Dosage and administration
Inside, during a meal in order to avoid the development of adverse events from the gastrointestinal tract.
Side effects
Hypersensitivity, hyperglycemia, dizziness, dysgeusia, headache, hypotension, dry nasal mucosa, dyspepsia, nausea, upper abdominal pain, gastrointestinal disturbances (gastroesophageal reflux, belching, vomiting, meteorism, diarrhea, gastroesophageal reflux, belching, vomiting, meteorism, diarrhea , acne, rash with itching, urticaria.
Overdose
No cases of drug overdose have been reported.
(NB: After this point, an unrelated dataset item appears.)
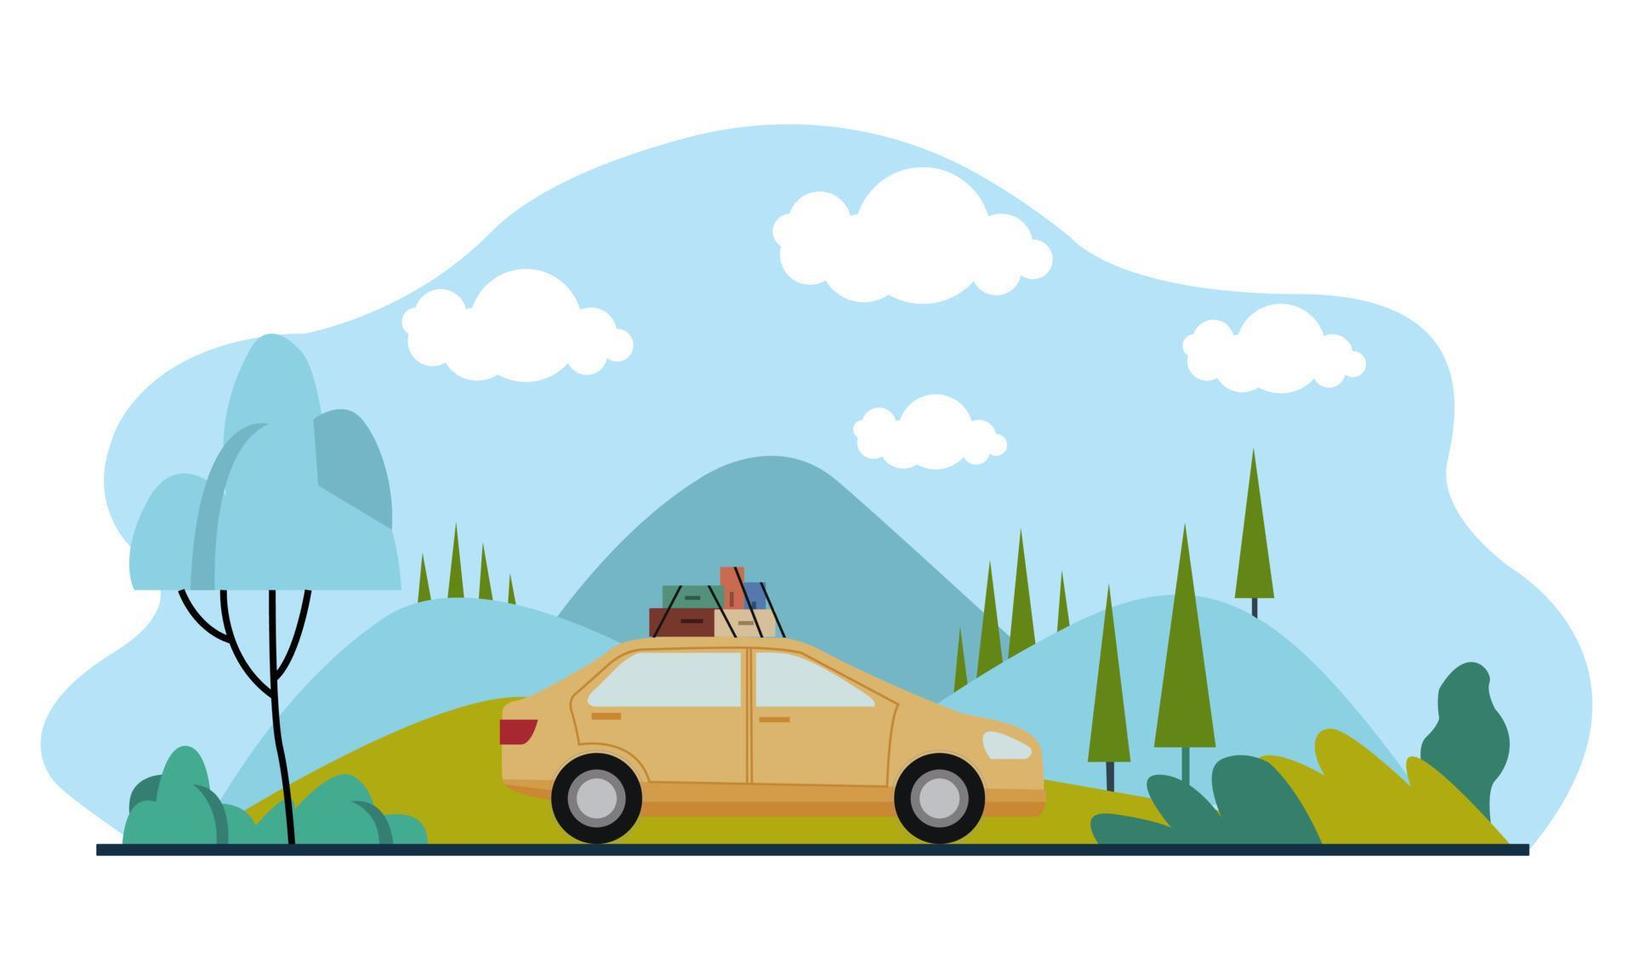 viaje familiar en coche en el fondo de un hermoso paisaje montañoso. ilustración vectorial de un diseño plano vector

Interaction with other drugs
With simultaneous use with oral anticoagulants and other drugs that affect hemostasis, the risk of increased bleeding time increases. Simultaneous use with warfarin does not lead to any hemorrhagic complications. However, when combined with warfarin or in case of discontinuation of the course of treatment with this agent, MHO control is necessary.
special instructions
It should be used with caution in elderly patients (older than 70 years), with abnormal liver function, concurrently taken with oral anticoagulants, with fibrates, hemorrhagic diathesis, with severe injuries, surgical operations (due to the risk of increased bleeding time). Experience with secondary endogenous hypertriglyceridemia is limited (especially when uncontrolled diabetes mellitus). Due to the moderate increase in bleeding time (when used in high doses), patient monitoring is required and those with violations of the blood coagulation system, as well as receiving anticoagulant therapy or drugs that affect the hemostasis system (acetylsalicylic acid as an antiplatelet agent, NSAIDs), and if necessary, an appropriate dose adjustment of the anticoagulant or agents that affect the hemostasis system. Some patients showed an increase in the activity of ACT and ALT (within the normal range), while there are no data indicating an increased risk of using this drug in patients with impaired function cheni.There is a need to control the activity of ACT and ALT in patients with signs of abnormal liver function (especially when used in high doses). Effect on the ability to drive vehicles and control mechanisms potentially hazardous activities that require increased concentration of attention and quickness of psychomotor reactions.